La Briosa

Personal information
- Spouse: El Mexicano (husband)
- Children: Halcon 78 Jr. (son); Hammer Fist (son); Combat (son);
- Parent: Sugi Sito (father)
- Relatives: Huroki Sito (uncle); Panchito Robles (uncle); Manuel Robles (uncle); Pánico (cousin); El Jabato (cousin); Black Cat (cousin);

Professional wrestling career
- Ring name: La Briosa
- Debut: Mid-1970s

= La Briosa =

Mexican female professional wrestler

La Briosa (Spanish for The Verve One) is the ring name of a semi-retired Mexican professional wrestler who was primarily active from the mid-1970s until 2000. She is a second-generation wrestler, daughter of Sugi Sito, and together with her husband, a wrestler known under the names El Mexicano and Halcón 78. Together they have three sons that have followed in their footsteps and also become professional wrestlers, known as Halcón 78 Jr., Hammer Fist and Combat. La Briosa is the cousin of wrestlers Pánico, El Jabato, and Black Cat, and the aunt of Skándalo, Stigma and Rayo Metálico. She has only worked a small number of matches since 2000.

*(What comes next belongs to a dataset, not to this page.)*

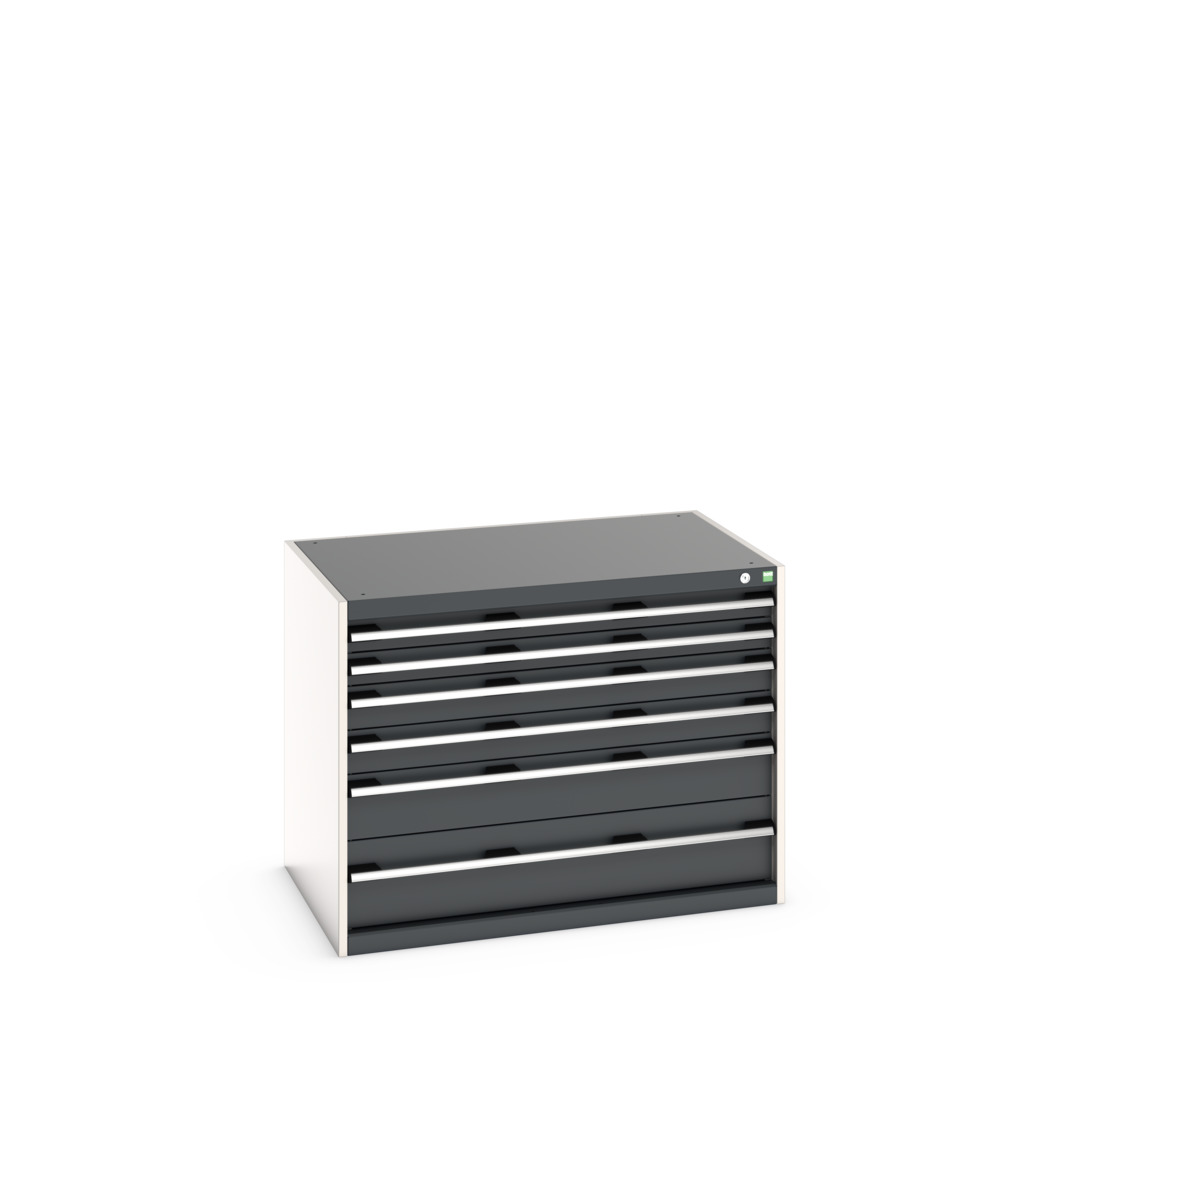 40029086.19V - cubio drawer cabinet

During her career, La Briosa won the Mexican National Women's Championship on one occasion, and was the only wrestler to win the Mexican National Women's Tag Team Championship twice, first with Vicky Carranza and later on with Neftali. She worked as an masked professional wrestler for most of her career, but lost it to Martha Villalobos 1992. La Briosa formed a trios team with Neftali, and La Monstra known as Las Nasty Girls.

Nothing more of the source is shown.